In Postgres, how to match multiple "tags" for best performance?
Asked Answered
H

4

8

Table: articles

+--------+------+------------+
| id     | title|    created |
+--------+------+------------+
|    201 | AAA  | 1482561011 |
|    202 | BBB  | 1482561099 |
|    203 | CCC  | 1482562188 |
+--------+------+------------+

Table: taggings

+-----------+------+
| articleid | tagid|
+-----------+------+
|    201    | 11   |
|    201    | 12   |
|    202    | 11   |
|    202    | 13   |
|    202    | 14   |
+-----------+------+

Now if given 3 tag ids, what is the best index design and query to select latest 10 articles that each article match the 3 tag ids at the same time?
I know there can be several ways to do it, but I'm concerning the performance, considering there maybe tens of thousands of articles in each tag

Hypochondria answered 24/12, 2016 at 7:11 Comment(3)
query to select latest 10 articles - please explain how do you define latest article ? Is there a date column in some table, which is not shown in the question ? Or does the latest mean the highest values in id columns?Selangor
@Selangor I added a column "created" to the table. And yes latest is highest value in id column. The id is "int serial".Hypochondria
This might be interesting for you: databasesoup.com/2015/01/tag-all-things.htmlLanded
O
22

As a_horse_with_no_name mentioned, this blog post has some really interesting performance benchmarks for finding rows matching more than one tag:

http://www.databasesoup.com/2015/01/tag-all-things.html

Storing tags in an array column in the main table and creating a GIN-index allows rows to be selected like this, without any joins:

select id
from articles
where tags @> array[11,13,14]
order by created desc
limit 10;

The column and index can be created like this:

alter table articles add column tags text[] not null default '{}';
create index tags_index on articles using gin (tags);

According to the blog, finding rows matching two tags was between 8 and 895 times faster when using the array-column than when joining in a tags table.

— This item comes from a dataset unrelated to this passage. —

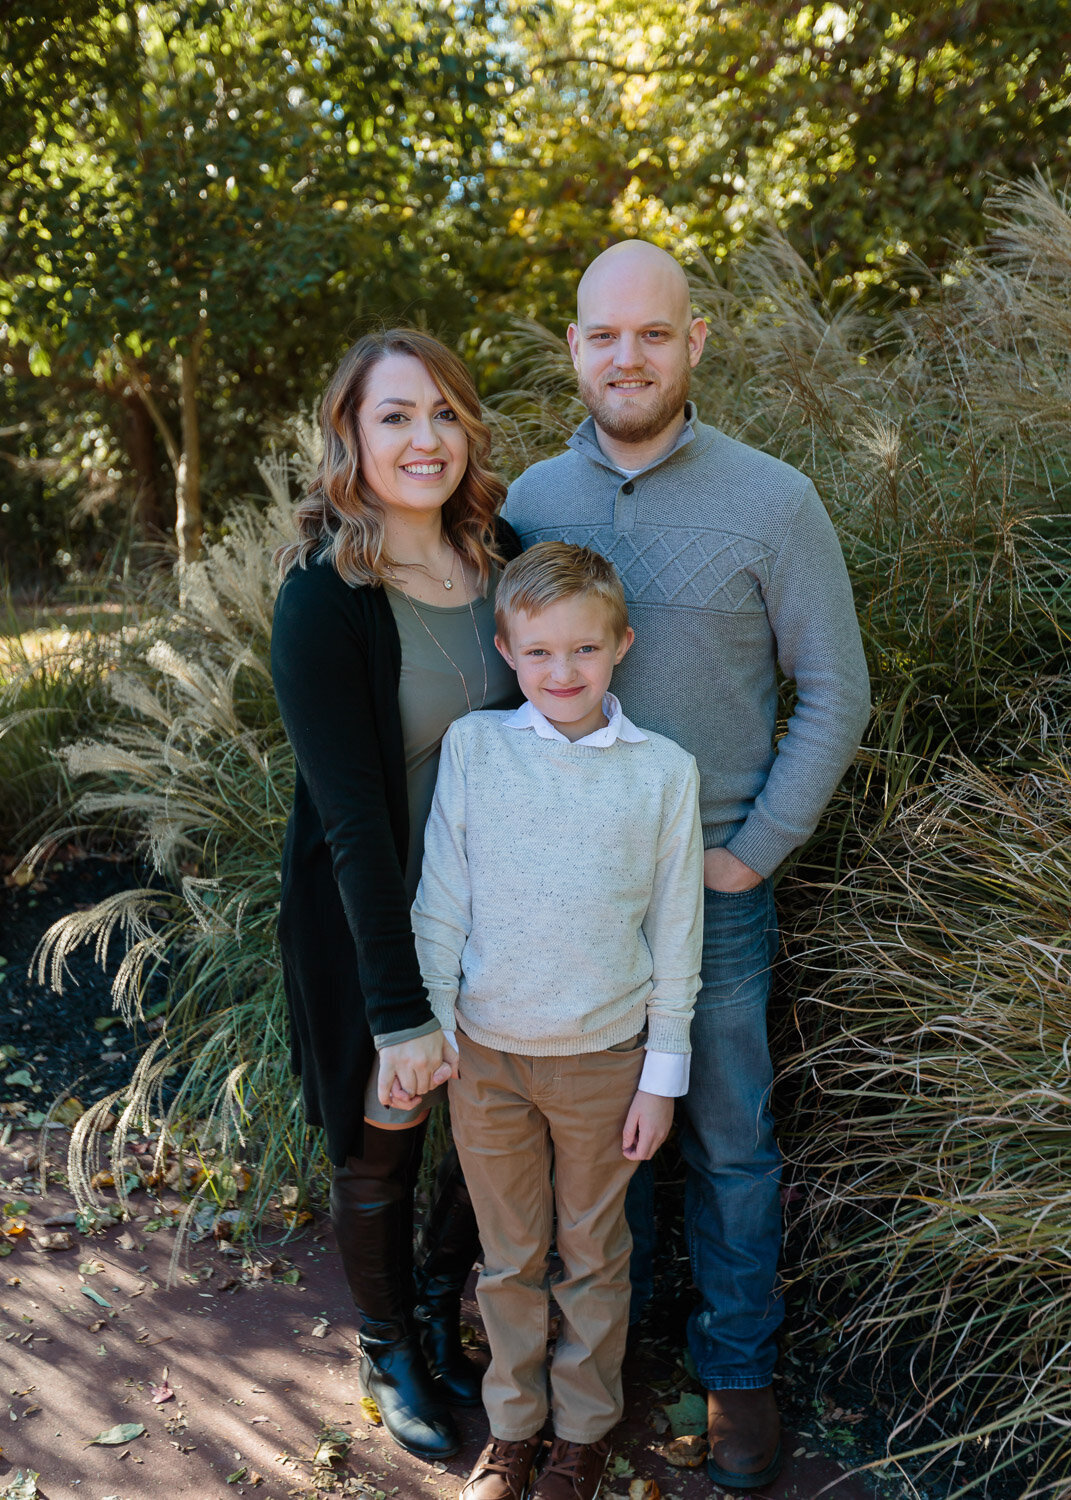 Burdette Park - Evansville Family Photographer -  Becht & Ross Families-25
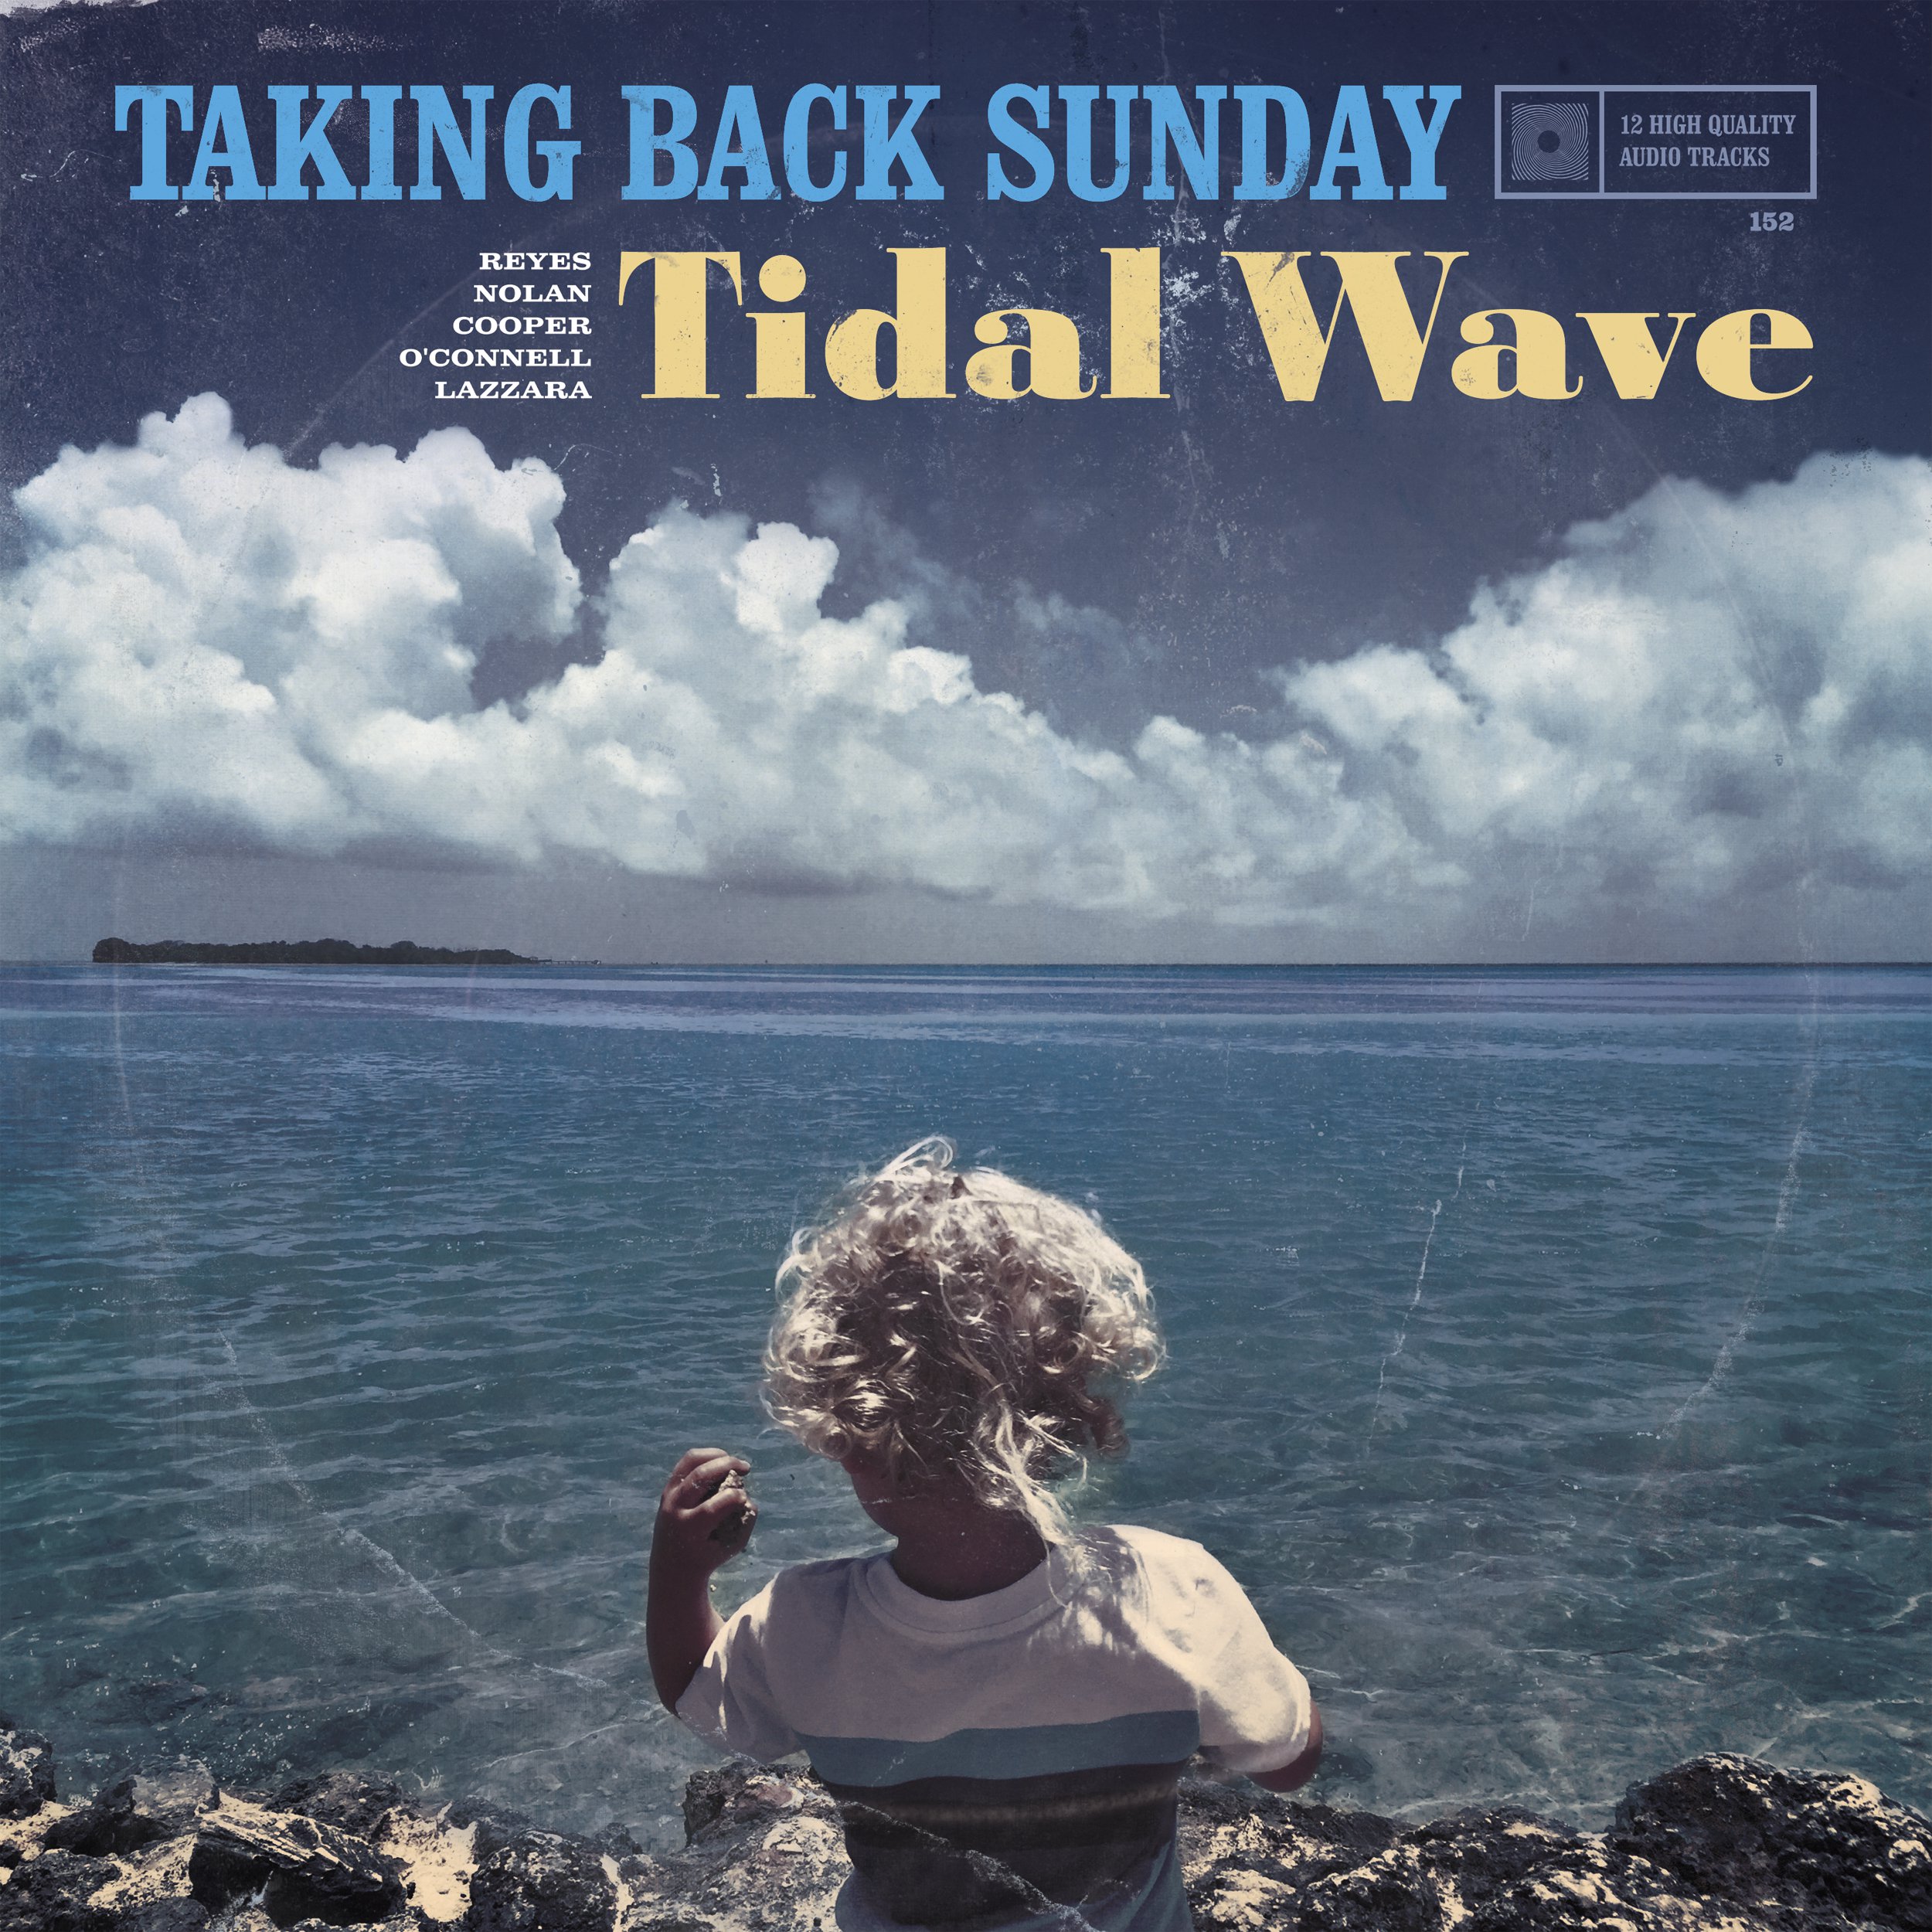 tbs_tidalwave

Overtop answered 29/7, 2018 at 11:50 Comment(2)
Has it changed since 2015?Barely
Would be better to see a new test with the latest version of PG. is there any citation on that?Fleabitten
L
2
select distinct on (a.id) a.*
from articles a 
  join taggings t on t.articleid = a.id
group by a.id 
having array_agg(t.tagid order by t.tagid) = array[11,13,14]
order by a.id, a.created
limit 10;

An index on taggings (articleid, tagid) will help for this.

Note that the above looks for articles with exactly those three tags. If you want to find those with at least those three tags (and possibly more) you can change the having clause to use the "contains" operator:

select distinct on (a.id) a.*
from articles a 
  join taggings t on t.articleid = a.id
where t.tagid in (11,13,14)
group by a.id 
having array_agg(t.tagid) @> array[11,13,14]
order by a.id, a.created
limit 10;

In that case the order by for array_agg() is not necessary

Landed answered 24/12, 2016 at 9:57 Comment(0)
B
1

You need have an index on articles.created for sorting, and another unique index on taggings(articleid, tagid) for querying:

CREATE INDEX ON articles(created);
CREATE UNIQUE INDEX ON taggings(articleid, tagid);

Then just make a select query with three taggings table aliases:

SELECT a.* FROM articles a, taggings t1, taggings t2, taggings t3
    WHERE a.id=t1.articleid AND a.id=t2.articleid AND a.id=t3.articleid
    AND t1.tagid=111 AND t2.tagid=222 AND t3.tagid=333
    ORDER BY created DESC LIMIT 10;
Burning answered 24/12, 2016 at 8:34 Comment(0)
D
0

In my case I had to apply a complex condition to every "tag", and @> was of no use. So I found another approach: a grid sensor array:

ARRAY[
  bool_or(true if tag1 is present), 
  bool_or(true if tag2 is present),
  ...
] = ARRAY[true, true, ...]

Example:

SELECT a.*
FROM articles a JOIN tags t ON(t.articleid = a.id)
GROUP BY a.id
HAVING 
  ARRAY[
    bool_or(t.tagid == 11),
    bool_or(t.tagid == 13),
    bool_or(t.tagid == 14)
  ] == ARRAY[true, true, true]

it has poor performance, but great flexibility for many2many relationships.